Deploying blockchain at global scale

Siva Dirisala
Zus Network
Published in
4 min readSep 14, 2018

At 0chain we emphasize on fast finality. Fast finality requires important architectural design choices in various components of the blockchain and below are some of the key areas.

  1. Design of the protocols
  2. CPU and Storage workload (read/write) optimization (storage capacity optimization is less important as long as the order of magnitude is not very high)
  3. Network level optimizations

Per my previous post on our devops process, the development team runs a mini blockchain on their laptops. When running the blockchain on a local machine, only the first two listed above can be experimented and tested since there is barely any network latency on a local machine. Of course, those two itself are complex problems to deal with and our focus on them paid off as can be witnessed with our testnet launch with sub-second finality with only two data centers (each zone with 3 miners and a sharder).

During our data center deployment of the testnet we uncovered multiple issues for performance which have been systematically addressed. For example, the block generation time and verification time are true bottlenecks apart from the network latencies. During verification, since a lot of signature verification happens and these crypto functions are CPU intensive, we ensured we could run them in parallel with a configurable concurrency based on the cores available to the node.

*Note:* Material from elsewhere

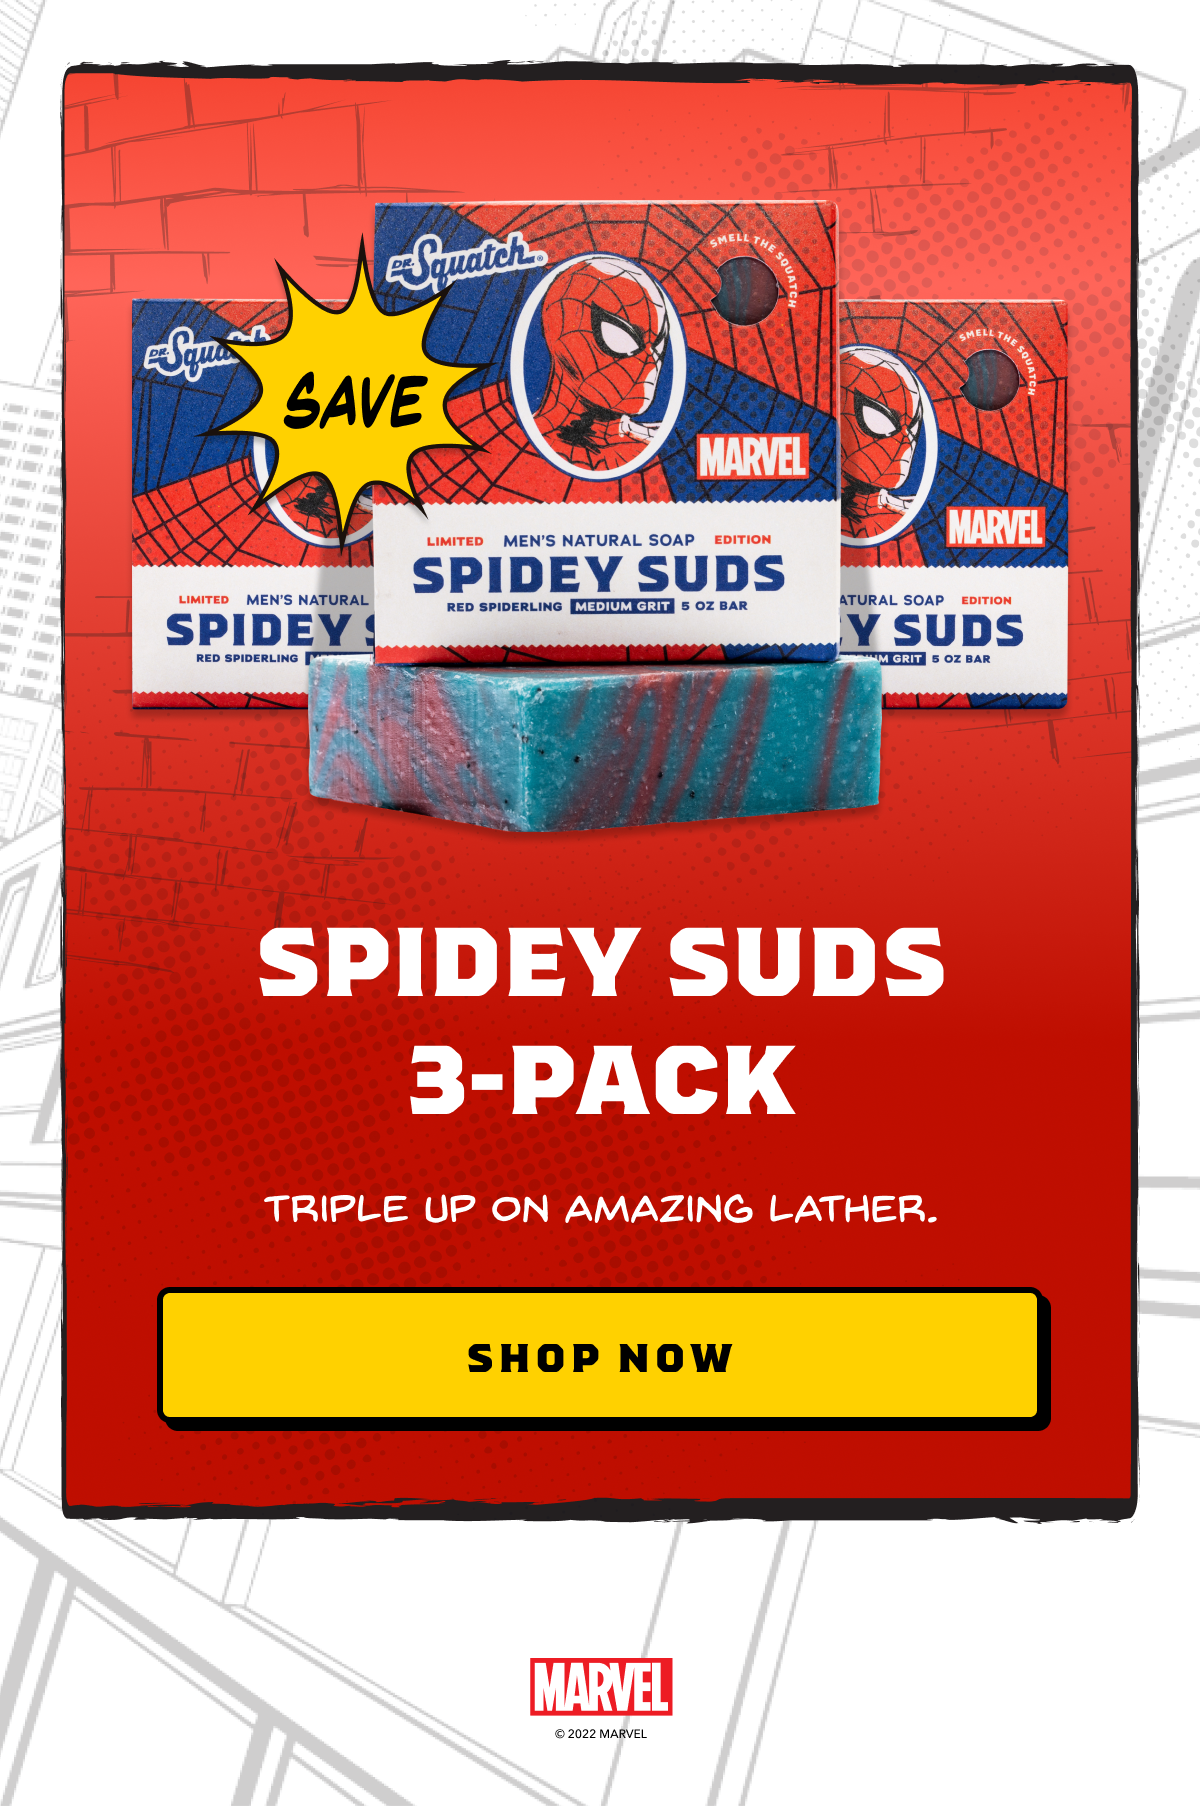 Spidey Suds 3-Pack

As we got the CPU and storage workload under control, we decided to shift our focus to the network related issues. Our upcoming testnet will be truly global by spanning 9 data centers in US, Europe, Asia and Australia.

In distributed consensus, the generated blocks need to be sent out to everyone and get their approval. This process of sending and receiving messages becomes the bottleneck for scaling globally. We started off with a simple multi-cast protocol but the goal is to make this a pluggable layer with alternate approaches that could be more performant.

Below is a real data of the network latencies of sending messages w.r.t one of the nodes. That is, Miner 0 has the following network latencies as given in Small Message Time and Large Message Time. The reason we are tracking these separately is the consensus protocol has
different size payloads which we are largely classifying as small vs large. For example, the entire block is a large message where as a verification signature of a block is a small message.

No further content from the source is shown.